Author: Cindy Scarborough, RN
1.2 contact hours


Objectives

1. Describe how changes in communicable disease trends affect hospital surveillance.
2. Identify the usefulness of electronic media and equipment in data collection and analysis, and information technology.
3. Report the way surgical infections are detected and prevented.
4. Cite the various organizations that impact hospital infection prevention.
5. Describe the cause and effect of hospital construction/renovation on potential hospital infections.


There's a shift in the wind and a tingle in the air as the season changes. Autumn brings us to a field of new challenges. We are fortunate to have new tools to meet them.

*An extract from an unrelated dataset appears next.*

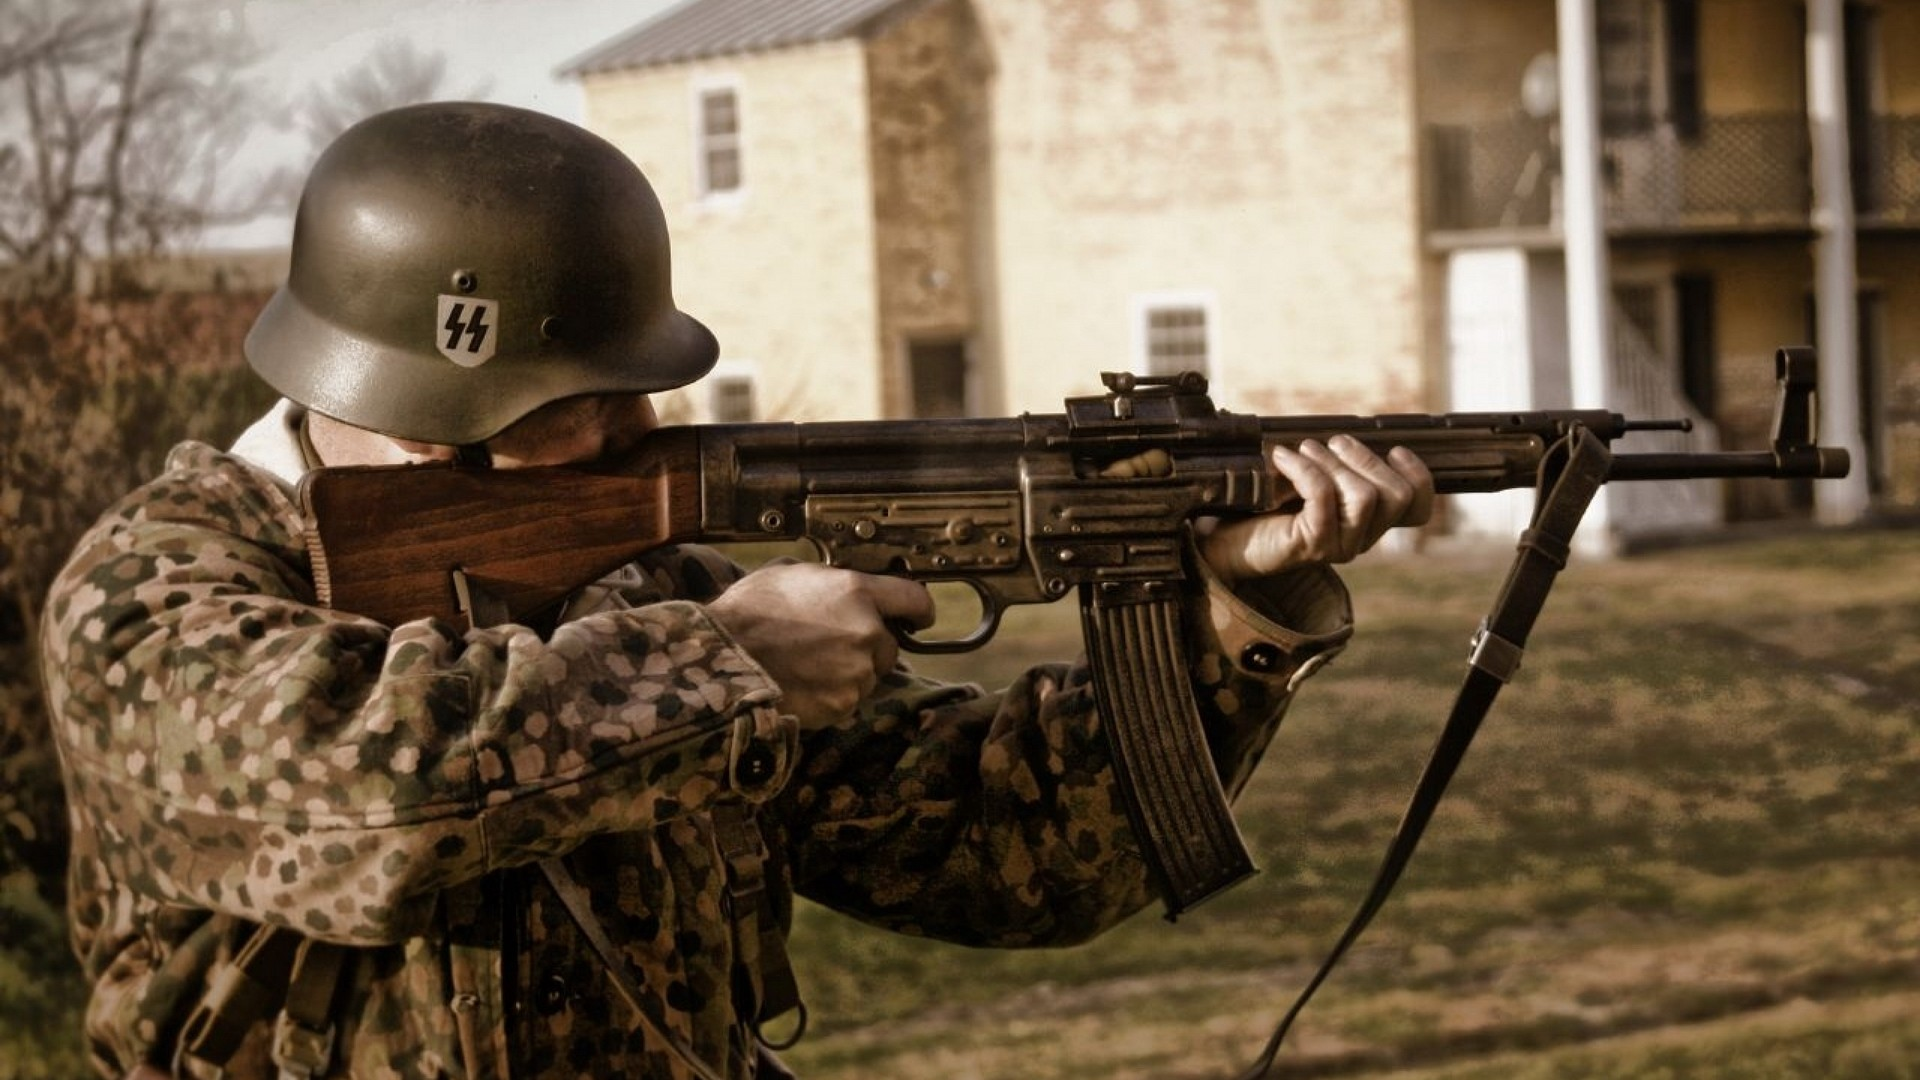 ww2 german army wallpaper - photo #35

Hospital Surveillance and Public Health
The last two years have been full of changes and challenges, such as the publication of the Health Insurance Portability and Accountability Act (HIPAA) mandating patient privacy.1This impacts the type and manner of information we share with individuals within and outside of our facility. Computer and fax data, phone and facility paper trails are now managed with HIPAA rules in mind. State laws govern which diseases are reportable, and include time frames and identification of the infected persons. Public health disease surveillance identifies bioterrorism events, demonstrates trends in sexually transmitted diseases and bloodborne pathogens, and serves as an early warning system in detecting populations with ineffective immunity to vaccine-preventable diseases.
Certain vaccination laws are being eased in special situations for school-age children.2 There is some concern that non-immune children could develop vaccine-preventable diseases and spread these in the community. Infants, the elderly and immunocompromised persons are at greatest risk for severe illness related to vaccine-preventable diseases. Vaccination can greatly decrease disease as demonstrated by the pneumococcal vaccination program. 3

Controversy exists regarding the benefit in reporting other communicable diseases. The right and need for Public Health Department knowledge of the identity of persons with HIV/AIDS and other sexually transmitted diseases is a concern for some. Although HIV/AIDS is also transmitted by other behaviors, it is still primarily transmitted by men who have sex with men and through "street drug" use from contaminated needles, syringes and nasal straws. Health departments use reported data to track the spread of disease, plan age- and behavior-specific education and prevention, and assist with treatment and support systems.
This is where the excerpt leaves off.